Con lui in panchina i biancorossi vennero promossi in Serie B giocando in modo spettacolare e ultra offensivo

Il libro è una canzone senza fine. Paolo Rossi, il meglio del pallone targato anni Ottanta, fu lanciato e formato da Fabbri, lo invitava a caccia o a cena una settimana sì e l'altra pure, come tanti altri suoi adepti del resto. Pane fatto in casa, salame, vino buono, i fagiani o la lepre del giorno. Anche questo era Gibì Fabbri. Un uomo che si era fatto tutto da solo, con l'aiuto di Irene, una moglie splendida.

Fabbri è di tutto e di più. Proprio come il piacere di scrivere questa recensione che è poi un tuffo nel passato. Ed è consolatorio, ancora oggi leggere in un volume le testimonianze di coloro che Gibì ha fatto grandi: Giancarlo Marocchi, Adelio Moro, Giorgio Carrera, ma anche Capello, Bagnoli, l’Ascoli e il vulcanico presidente Rozzi, il Bologna di Gino Corioni, il Piacenza e i tanti, tantissimi giocatori che da lui hanno appreso i fondamentali di un calcio nuovo. Puro, ma maledettamente straordinario.

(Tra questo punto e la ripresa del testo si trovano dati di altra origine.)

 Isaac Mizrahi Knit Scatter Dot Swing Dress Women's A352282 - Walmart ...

C’è poi Piacenza, sì quel Piacenza tanto lontano ma sempre più nel mito. Già, perché proprio sulla scia di quell’amore calcistico per l’Olanda di Crujff da ragazzo ho rincorso, con una passione tutta mia, la piccola Olanda nata qui. Nel 1974, Gibì Fabbri ci ha regalato una stagione dorata seppure effimera per il calcio. Emergono da questo libro i ricordi virati a seppia di un periodo lontano per la mia generazione, che non ha dissipato i propri poeti, ma ha gioito per le imprese degli eroi vestiti di biancorosso. Dopo anni di calcio all'italiana, Gibì apre le porte al calcio totale. S’ispira all'Olanda dei miei sogni. Chi l'ha detto che il libero deve stare dietro e che i terzini non possono avanzare? E Gibì? Diventa amico di tutti noi. E' un santone, un guru, l'allenatore che fa divertire un'intera città.

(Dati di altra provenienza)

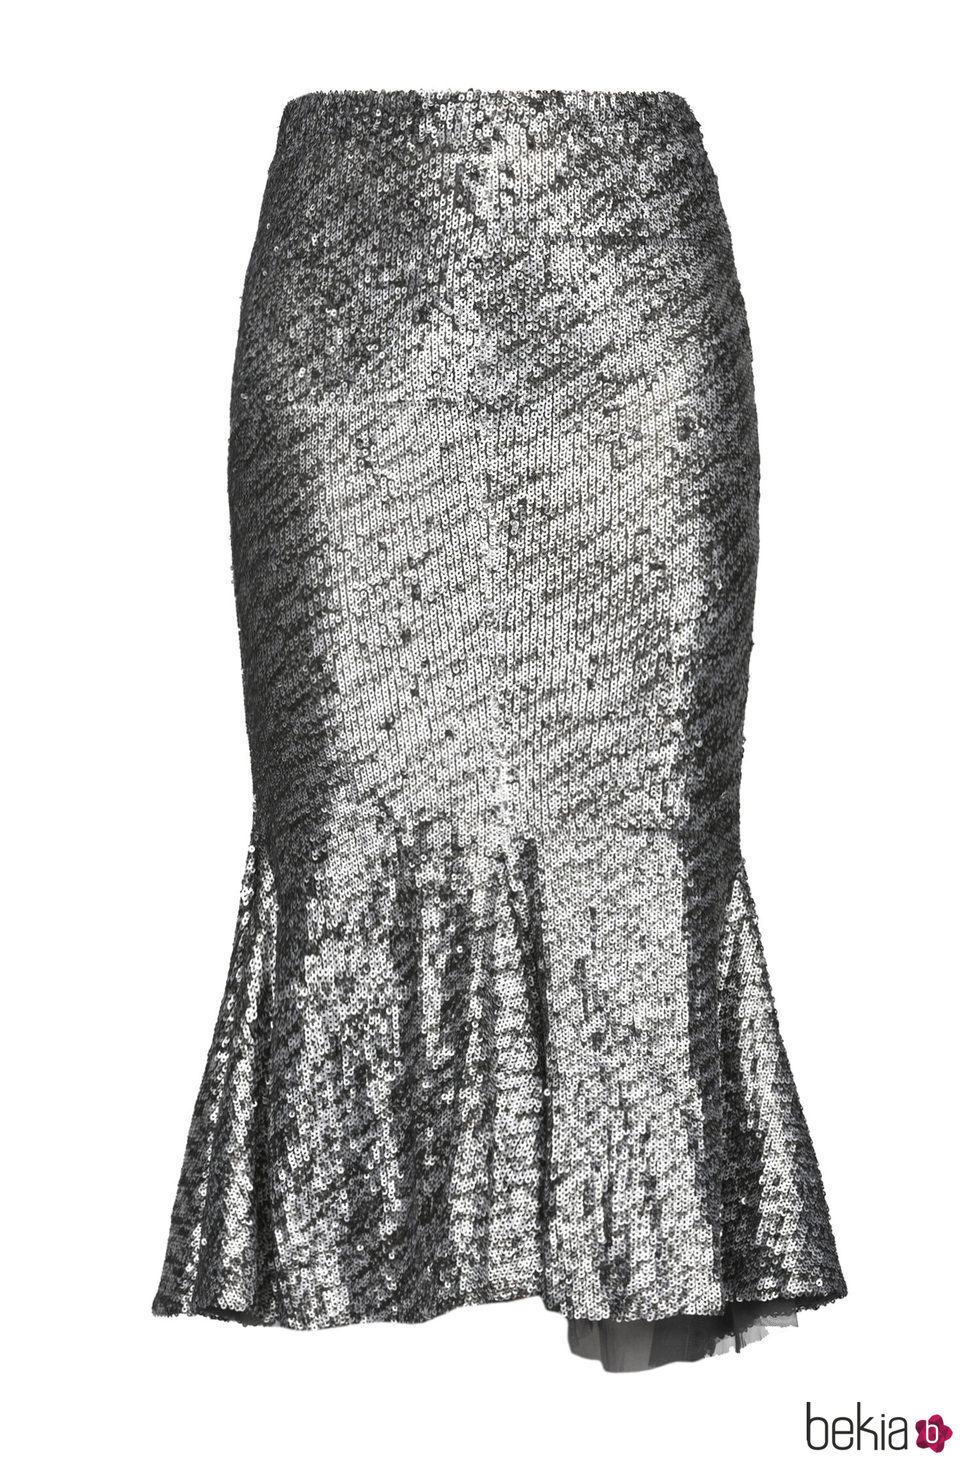 Falda larga de lentejuelas de Pinko de la colección para esta Navidad 2017

Ricordo Bruno Zanolla. Giugno 1975. C'è Piacenza-Belluno, ultima partita di campionato. Gioca, realizza tre gol e si conferma capocannoniere. Il Piacenza ottiene la promozione in serie B. Zanolla va in rete 23 volte in 38 partite. Un record. Gli anni si sovrappongono e il passato riaffiora come un reperto di un'archeologia calcistica da conservare e non da bruciare in pochi istanti. I Settanta del nostro calcio appaiono lontani, forse troppo, ma alcuni protagonisti di allora sono oggi impressi nella mente di chi c'era. Bruno Zanolla, una sola stagione e tanto affetto da parte del pubblico piacentino. E’ genialità allo stato puro, ha senso del gol come pochi in serie C è in grado di fare la differenza. Friulano di Ruda in provincia di Udine, appartiene alla forte schiatta dei bisiaci, come i più illustri Fabio Capello e Bruno Pizzul. Nel 1974 approda al Piacenza. Il presidente Luigi Loschi vuole la B a tutti i costi, ingaggia Gibì Fabbri, che a sua volta vuole Zanolla. Una stagione indimenticabile e lui, il grande Bruno, ad incantare i tifosi con le sue giocate. E' un centravanti classico, maglia numero nove, ha piedi buoni e quando gli capita l'occasione non la sbaglia. Sul campo l'intesa con Gambin e Gottardo è perfetta. E fioccano i successi. E' una squadra, quella biancorossa, che appartiene alla gente. Alla domenica lo stadio è gremito. Per la prima volta, dopo anni di delusioni, sembra concreta la possibilità di costruire qualcosa di importante. Con Gibì è calcio champagne, all'olandese per intenderci. In Italia il calcio totale è ancora lontano. Piacenza da questo punto di vista è l'isola non trovata. Tutti in avanti e tutti indietro, quando è il caso. Un po' come nel basket. Quando si sparge la notizia che Bruno Zanolla a fine stagione potrebbe lasciare per andarsene altrove, a me viene il groppo alla gola.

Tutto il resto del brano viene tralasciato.